When asked about lump sums, 83% of respondents said they may not be enough on their own to protect against outliving savings, up from 72% in 2016.

Rafaloff said there are several factors that are changing the way people think about — and prepare for — retirement. Americans are living longer: A person born in 2024 can expect to live to age 79, an increase of more than half a year from 2023, according to a recent report from the National Center for Health Statistics. "Longer lifespans mean savings need to last longer," Rafaloff said. "That really does increase concerns about running out of money."

Additionally, most people — especially young workers —  don't have access to a defined benefit plan, and so their only source of guaranteed income at retirement is Social Security, Rafaloff added. 

Read more: The 1% difference that can boost your retirement savings

Compounding the issue is the unpredictability of healthcare and housing costs, along with inflation. "That really makes it harder for employees to self-manage the drawdown strategies that were typically available in defined contribution plans," Rafaloff said. 

Responsibility for retirement outcomes has shifted sharply from employers to workers over the past several decades, driven largely by the decline of traditional pension plans. According to the Employee Benefit Research Institute, participation in private-sector defined benefit plans fell from 28% of wage and salary workers in 1979 to less than 1% in 2024. 

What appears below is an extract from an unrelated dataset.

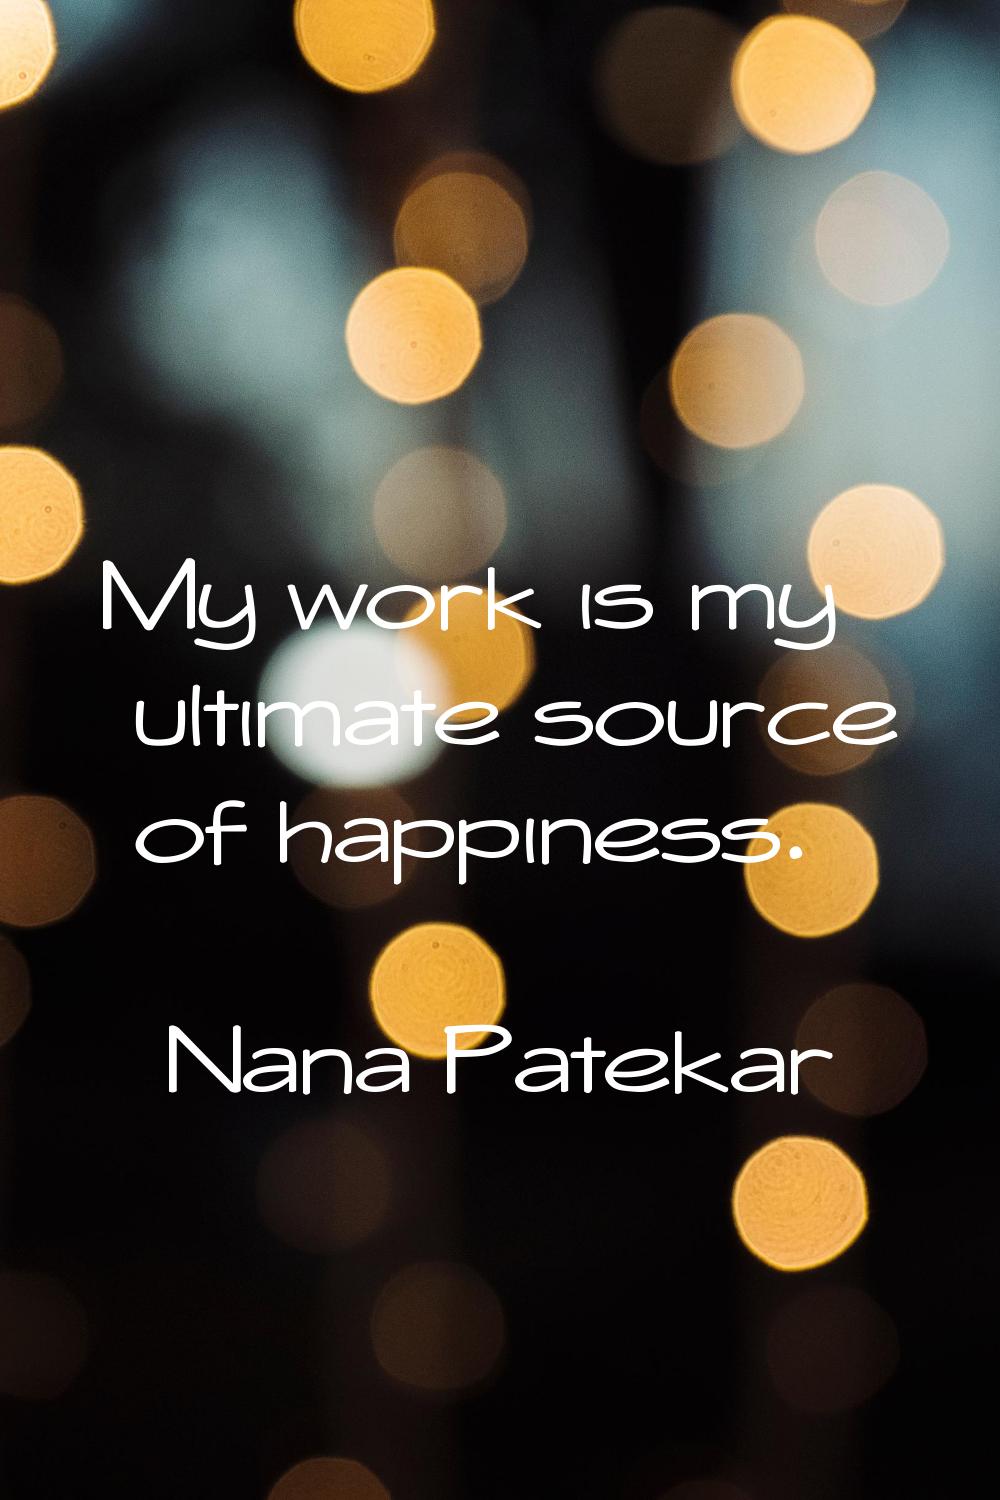 My work is my ultimate source of happiness.

Over the same period, defined contribution plans — such as 401(k) plans — expanded significantly, with participation rising from 7% to 44%.

Keeping it simple

Rafaloff joined MetLife in 1988 and has worked in the industry for nearly 40 years. Asked about the biggest mistake people make in retirement today, she said it is treating a 401(k) or defined contribution plan balance as a lump sum at retirement.

She pointed out that prior to the passage of the Setting Every Community Up for Retirement Enhancement (SECURE) Act in 2019, retirement statements typically focused on account balances and workers were left to interpret what those savings might mean in practice. 

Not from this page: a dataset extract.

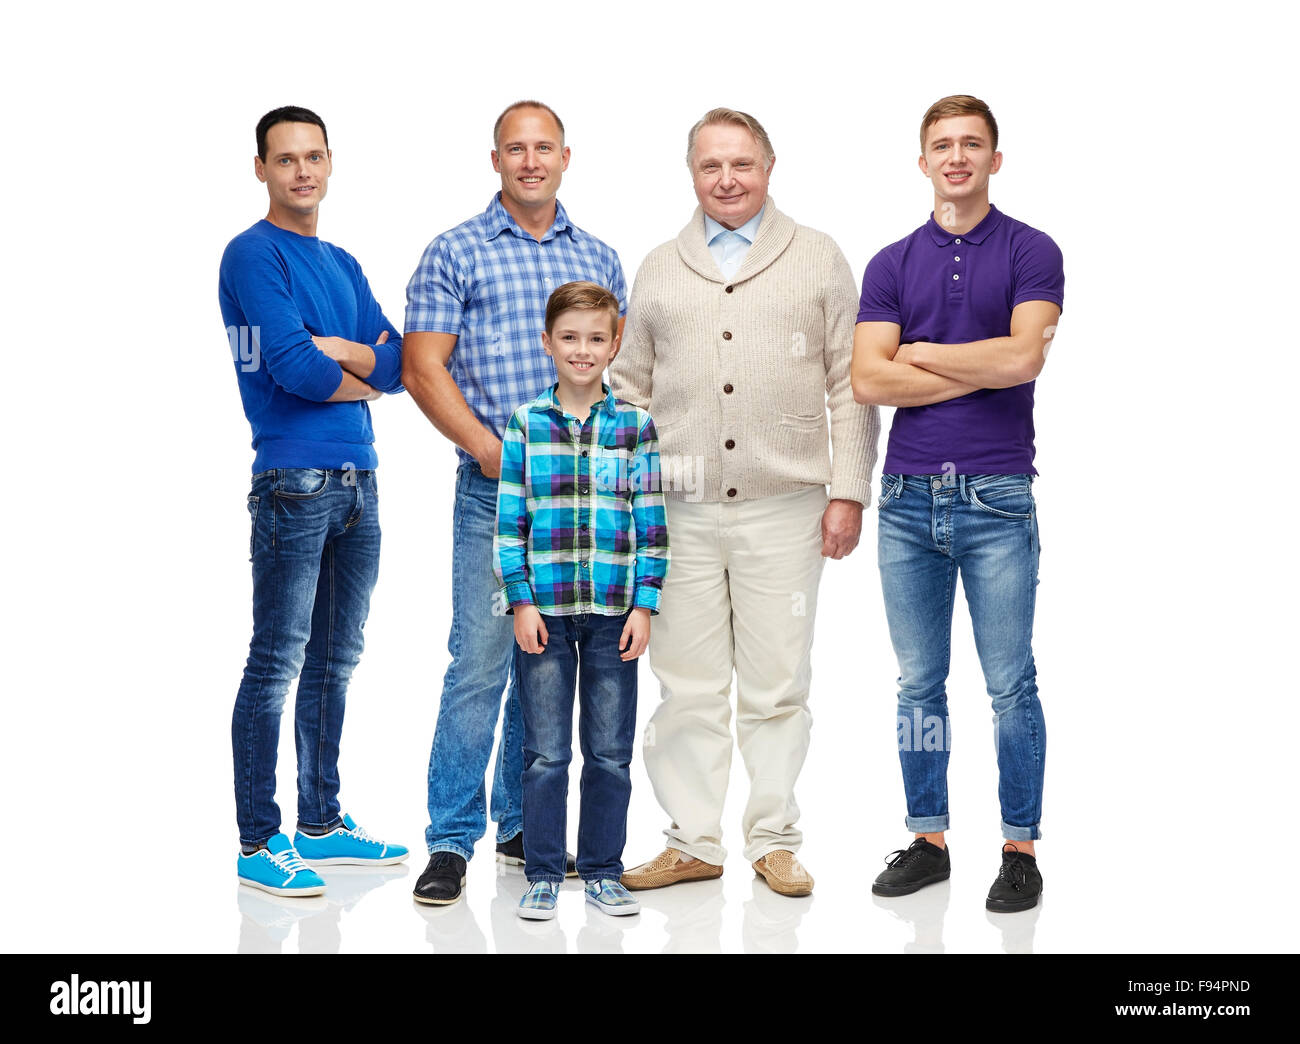 group of smiling men and boy Stock Photo

The legislation required plan sponsors to provide participants with clearer illustrations of how their accumulated savings could translate into monthly retirement income. 

Read more: Vanguard and TIAA launch guaranteed lifetime income solution for 401(k)s

"I think that is going to transform how people think about their defined contribution plan and really put it into perspective," Rafaloff said, "so that they don't make the mistake of taking the lump sum and buying the proverbial boat or second home."

For benefit leaders, the findings of MetLife's Lifetime Income Poll should serve as evidence that companies are increasingly aligned around the need to help plan participants turn savings into dependable income in retirement.

The results also underscore the importance of simplicity in plan design, she said. "The more complex you make it — the more complicated in terms of choices and things people have to think about — the more inertia is going to kick in and people will do nothing," Rafaloff said. "And then what's the point?"